Display the results graphicaly, and offer an analysis of the trend (or if no trend present, offer a hypotheisis of why).  The max depth should be on the x-axis, and the error rate should be on the y-axis (see figure 3.23 in your DM textbook for a similar style of graph that uses leaf nodes instead of depth for the x-axis). Your plot will include 4 series of data
   - Test error (entropy)
   - Training error (entropy)

In [None]:
from sklearn.metrics import accuracy_score

In [None]:
# Load in the test data
X_test = df_test.drop(['Type'], axis=1)
X_test = pd.get_dummies(X_test)
y_test = df_test['Type']

In [None]:
# Build the trees using the training data
trees_dict = {}

for criterion in ['entropy']:
    for i in range(2, 16):
        name = criterion + str(i)
        clf = tree.DecisionTreeClassifier(criterion=criterion, max_depth=i)
        clf = clf.fit(df_X, s_y)
        trees_dict[name] = clf

train_accuracies = []
for t in trees_dict.values():  # loop over decision tree names
    y_pred = t.predict(df_X)   # make the prediction for each tree
    acc_array = []
    for actual, pred in zip(s_y, y_pred): # compara each predicted instance with the label
        if pred == actual:
            acc_array.append(True)
        else:
            acc_array.append(False)
    acc = 1 - (sum(acc_array) / len(acc_array))
    train_accuracies.append(acc)

test_accuracies = []
for t in trees_dict.values():
    y_pred = t.predict(X_test)
    acc_array=[]
    for actual, pred in zip(y_test, y_pred):
        if pred == actual:
            acc_array.append(True)
        else:
            acc_array.append(False)
    acc = 1 - (sum(acc_array) / len(acc_array))
    test_accuracies.append(acc)

In [None]:
# Plot the 4 learning curves
depths = list(range(2, 16))

entropy_train = train_accuracies[0:14]
entropy_test = test_accuracies[0:14]


plt.plot(depths, entropy_train, label='entopy train')
plt.plot(depths, entropy_test, label='entropy test')
plt.legend()
plt.xlabel('Maximum Tree Depth')
plt.ylabel('Error')
plt.title('Error by Tree Depth & Impurity Measure')
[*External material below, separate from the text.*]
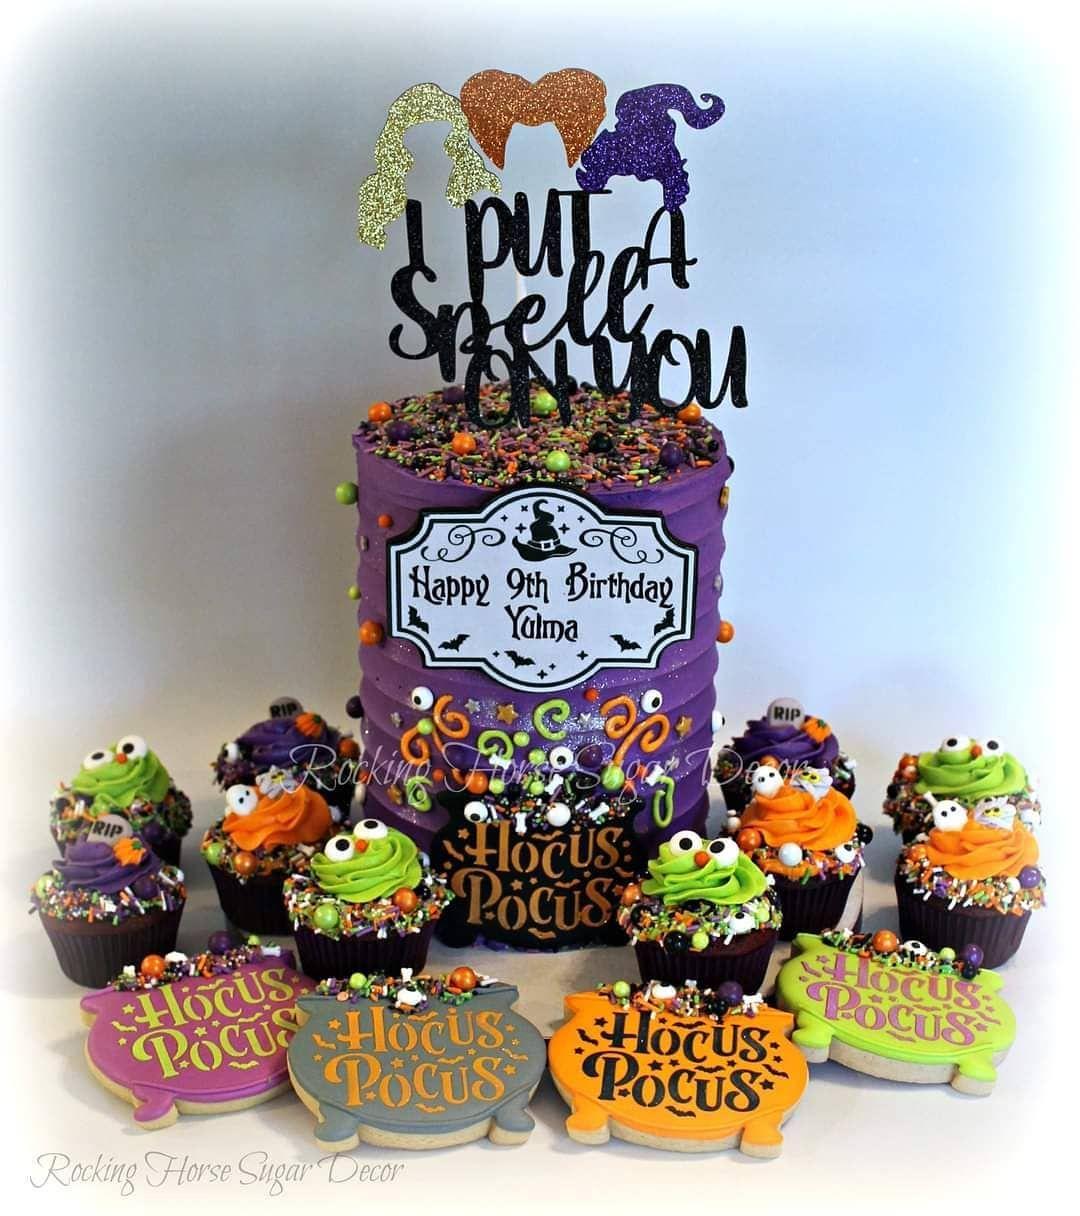 "rocking horse sugar decor on Instagram: ""Hocus Pocus Birthday #rockinghorsesugardecor #edibleart #customdecoratedcookies #decoratedsugarcookies #hocuspocuscookies #hocuspocuscake…"""

➡️ Answer containing your analysis of the trend (or if no trend present, offer a hypotheisis of why) here ⬅️

#### **Answer**

For both gini index and entropy criterion for building the decision tree, the train accuracy consistently increases as the maximum tree depth increases before leveling off very close to 100% accuracy. The test accuracy, however, increases up to a maximum tree depth of around 3-4 before decreasing. Both of these trends are likely present due to overfitting: the model is fit very closely to the training data, so the training accuracy is very high, but it loses its ability to generalize because it's predicting in a very specific way that holds true for the training data but not for the test data.